§ **ACTION ITEM**:
Leave the images aside and repeat the whole listing exactly.

--- RECORDED DATA ---

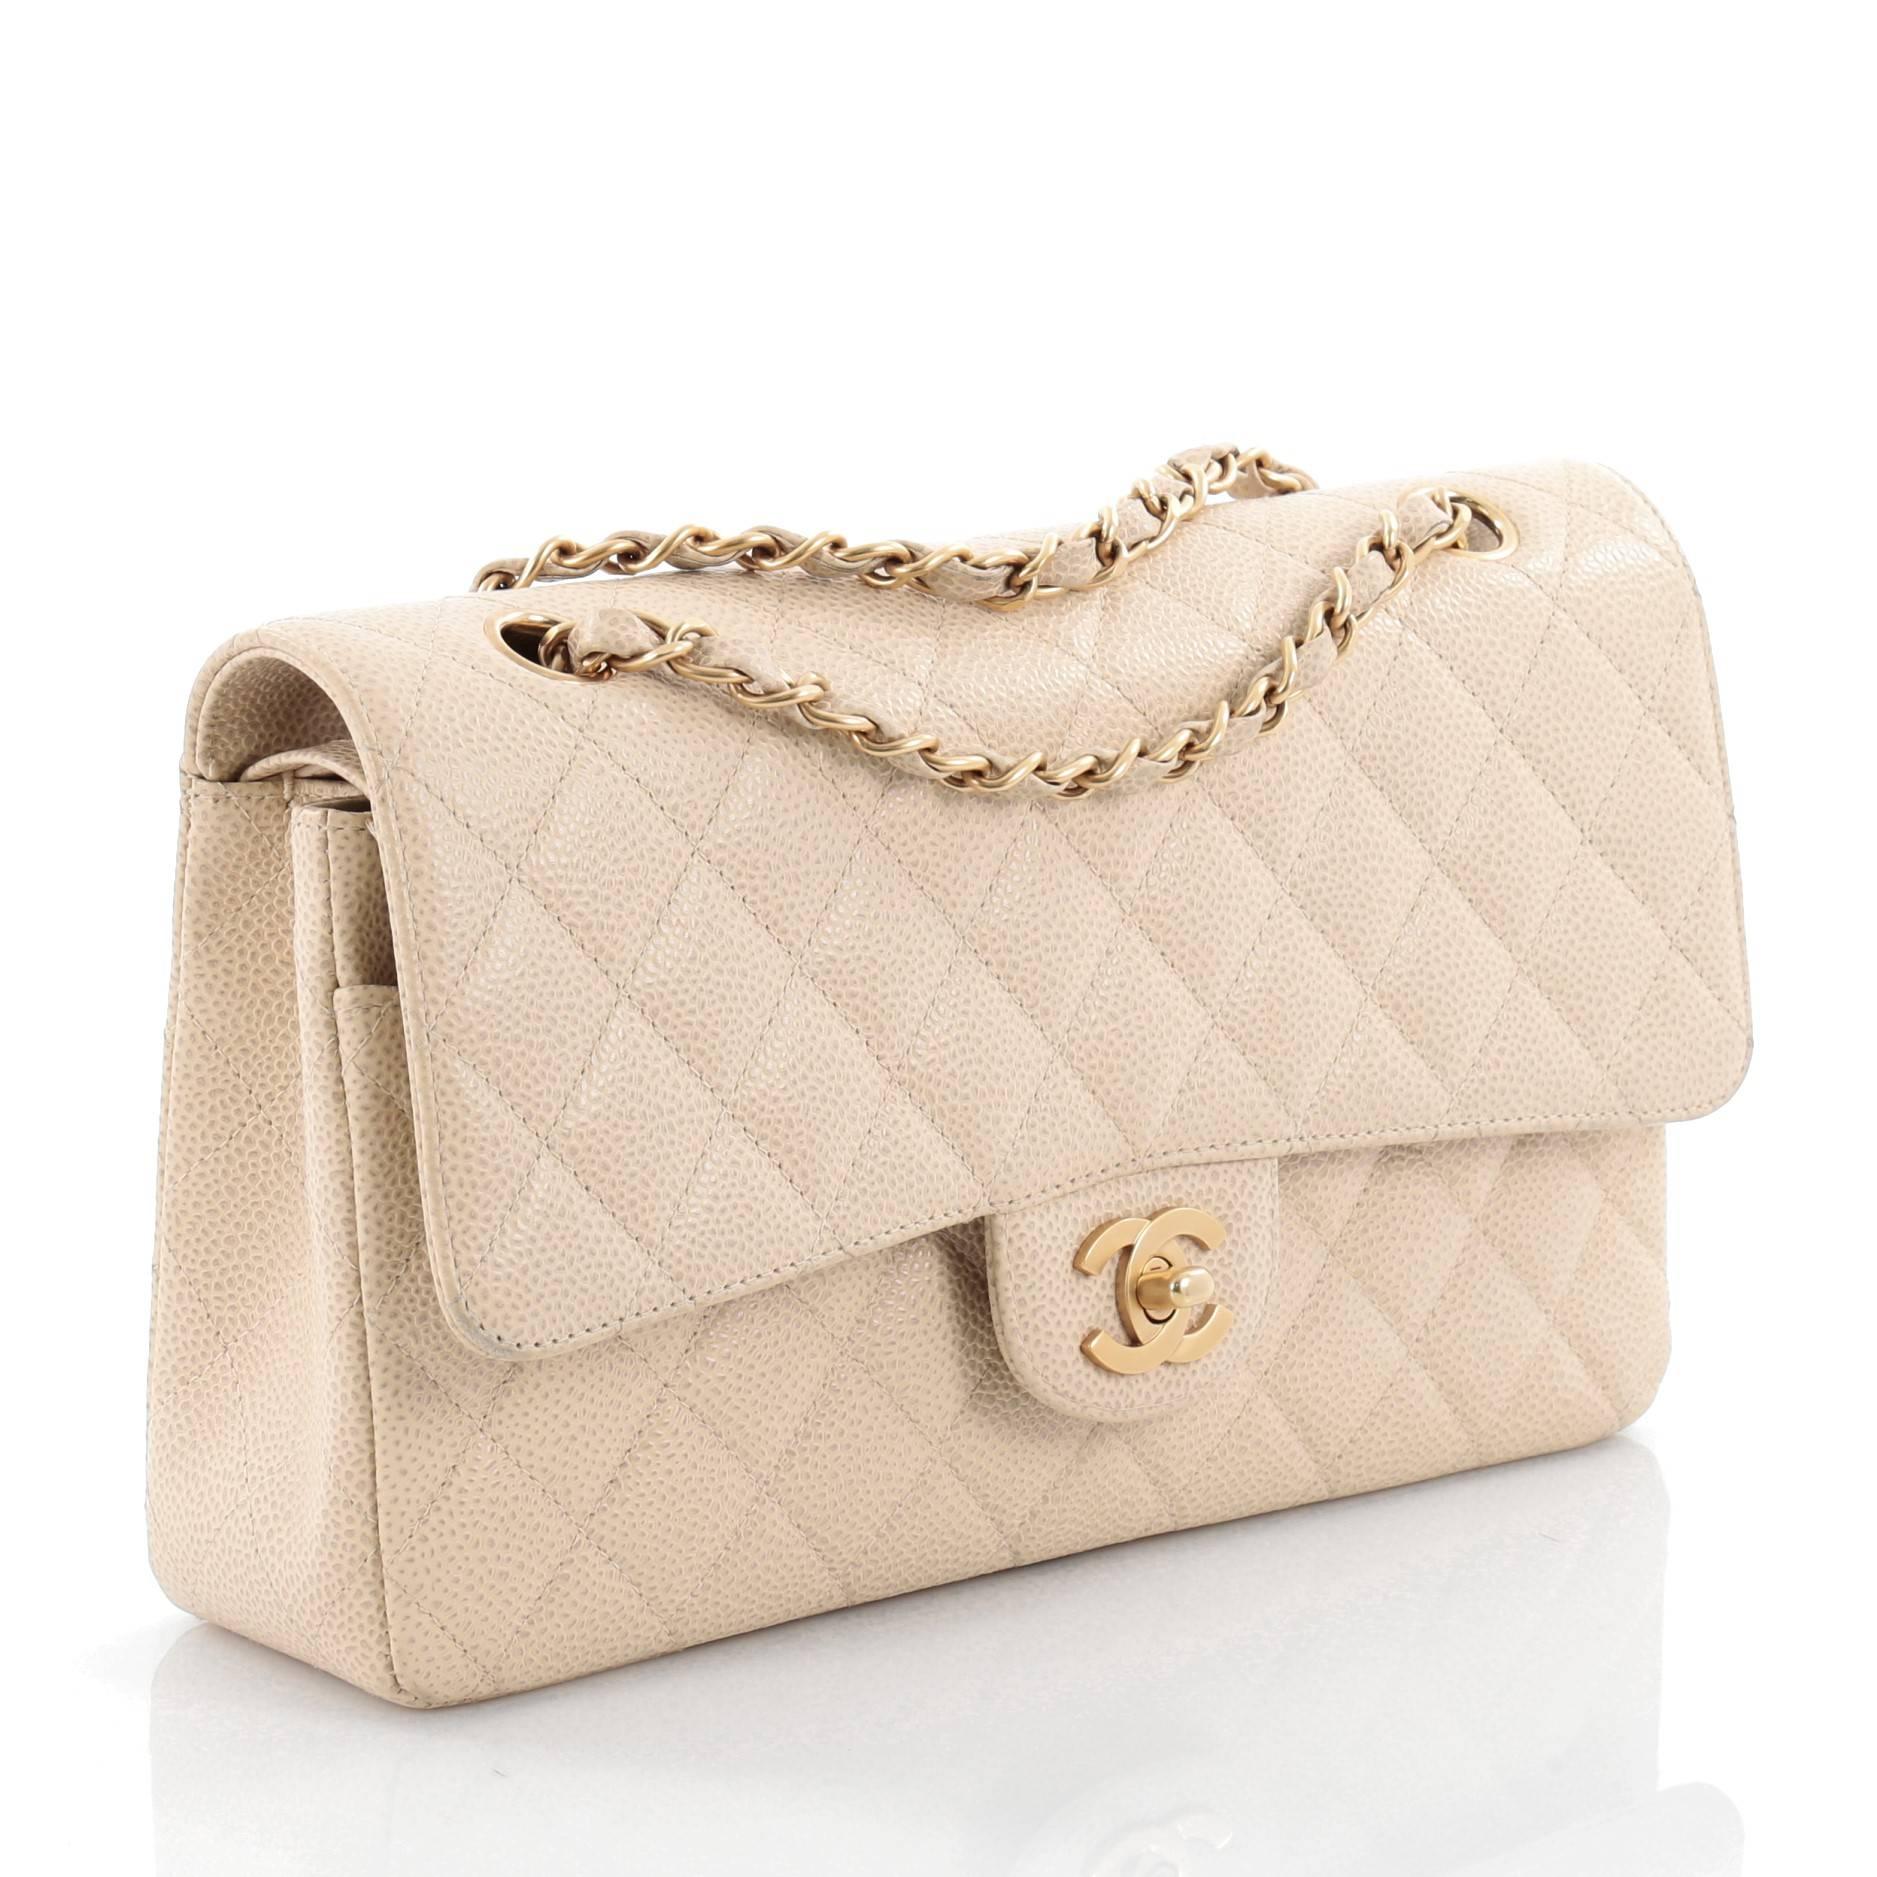 Beige Chanel Vintage Classic Double Flap Bag Quilted Caviar Medium
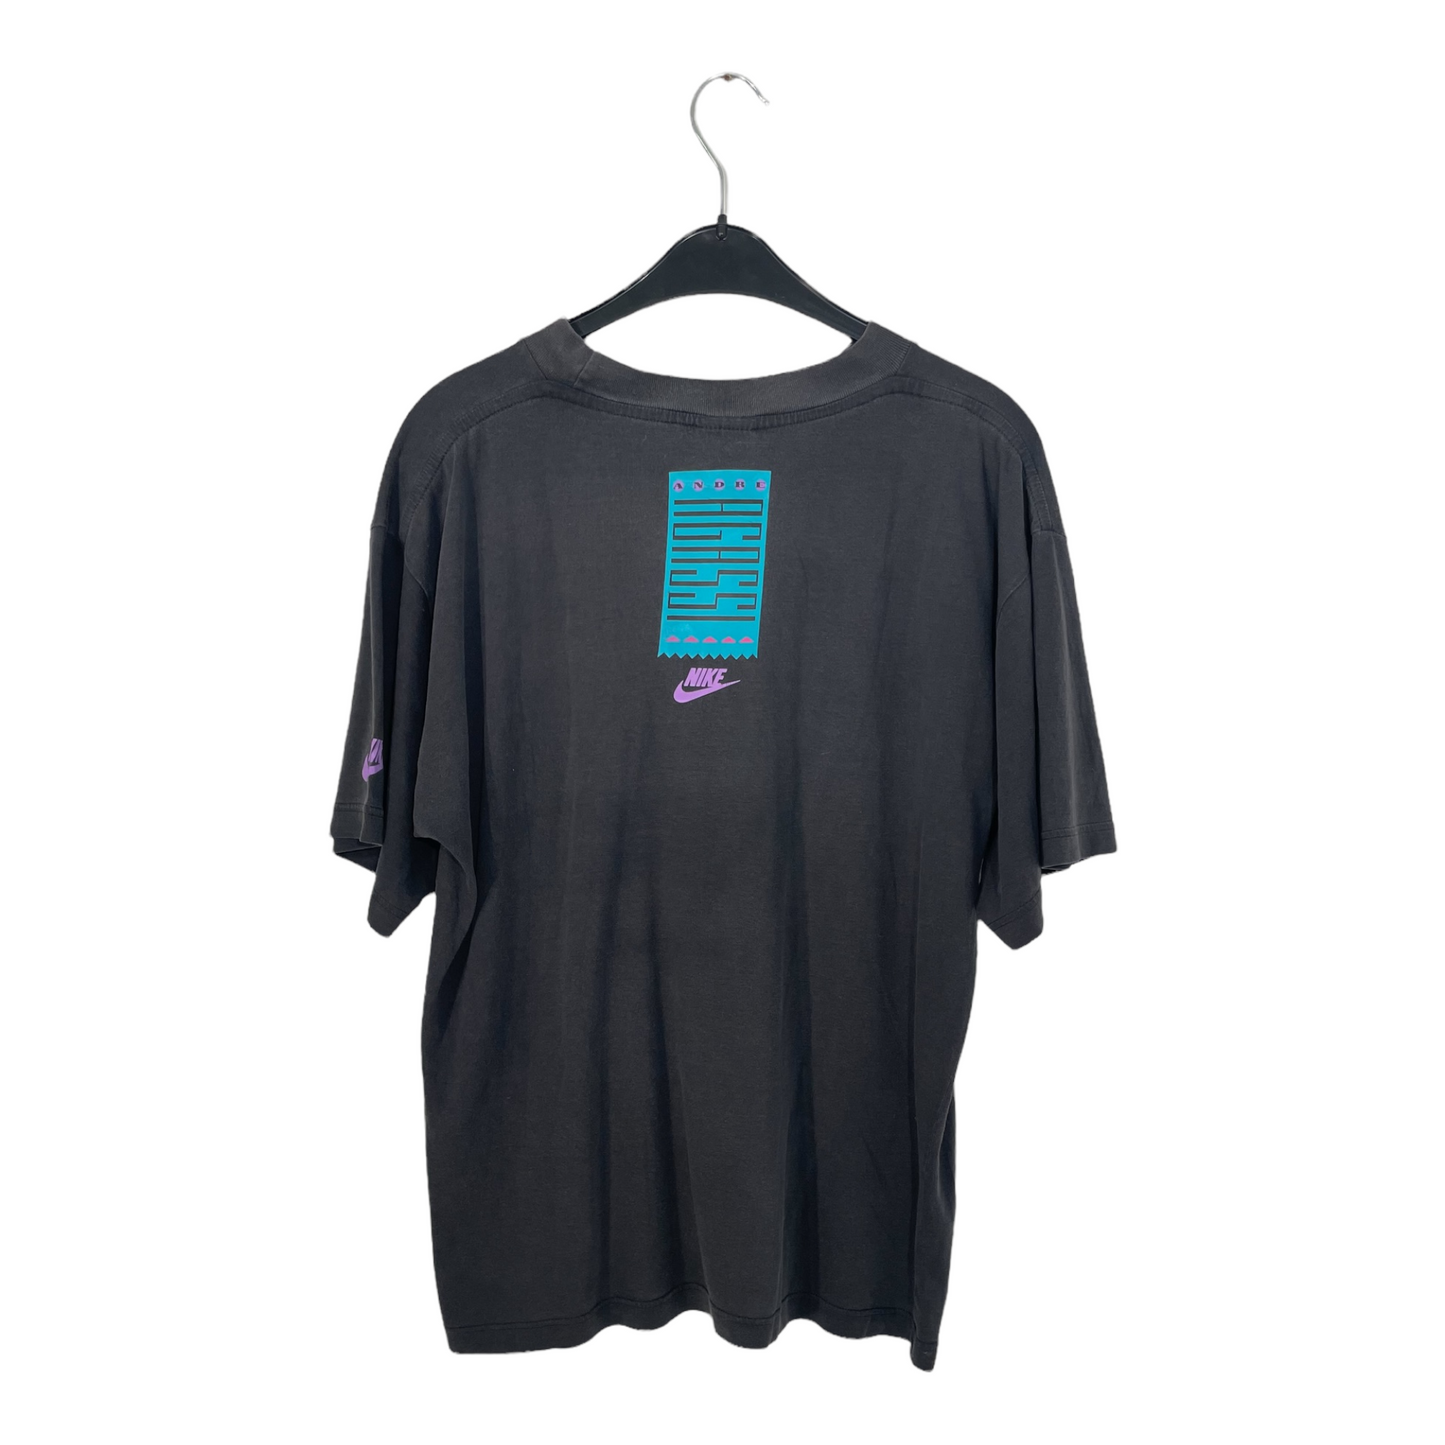 Nike “André Agassi” Tennis T-Shirt
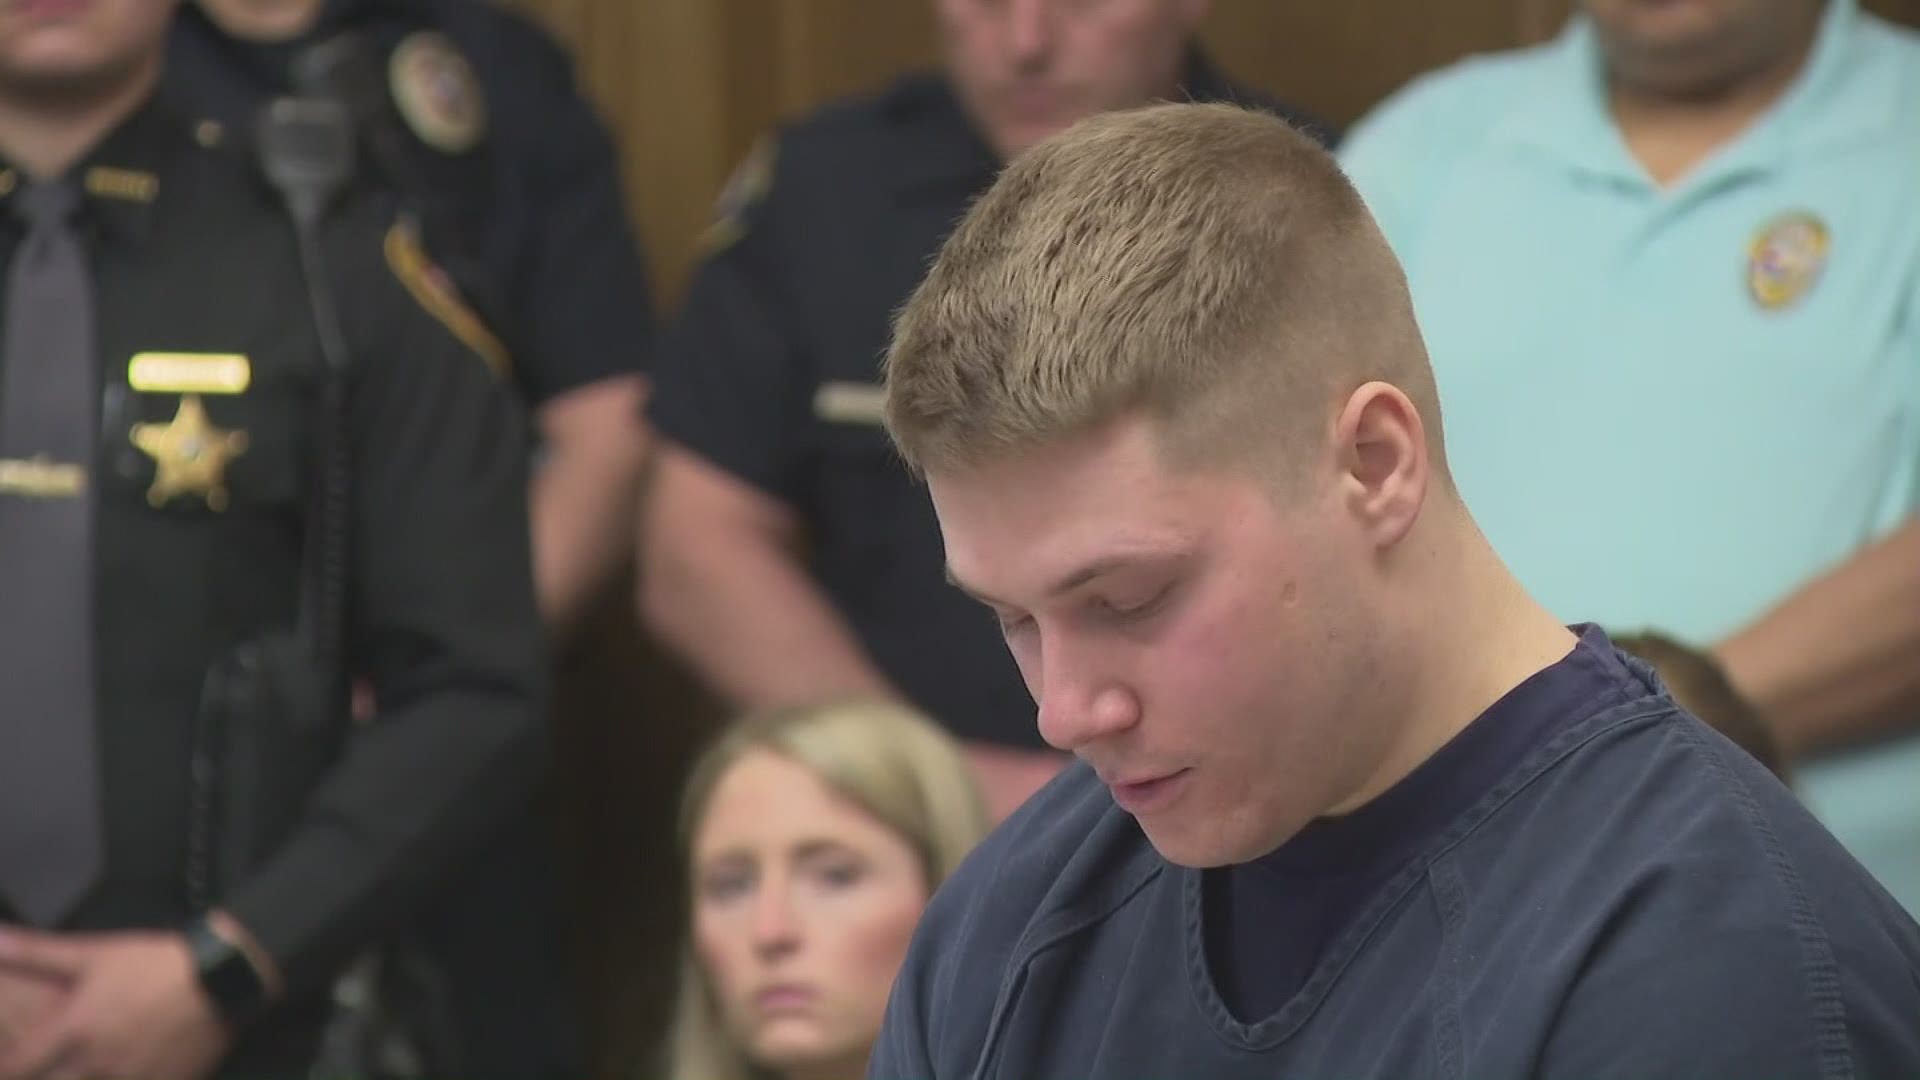 April 12, 2019: Brian Anthony offered a statement at his sentencing hearing in which he apologized for his actions that caused the death of Mentor police officer Mathew Mazany.

---

§ **SOLUTION TO THE EXERCISE**:
 Beige Chanel Vintage Classic Double Flap Bag Quilted Caviar Medium
 Nike “André Agassi” Tennis T-Shirt
 April 12, 2019: Brian Anthony offered a statement at his sentencing hearing in which he apologized for his actions that caused the death of Mentor police officer Mathew Mazany.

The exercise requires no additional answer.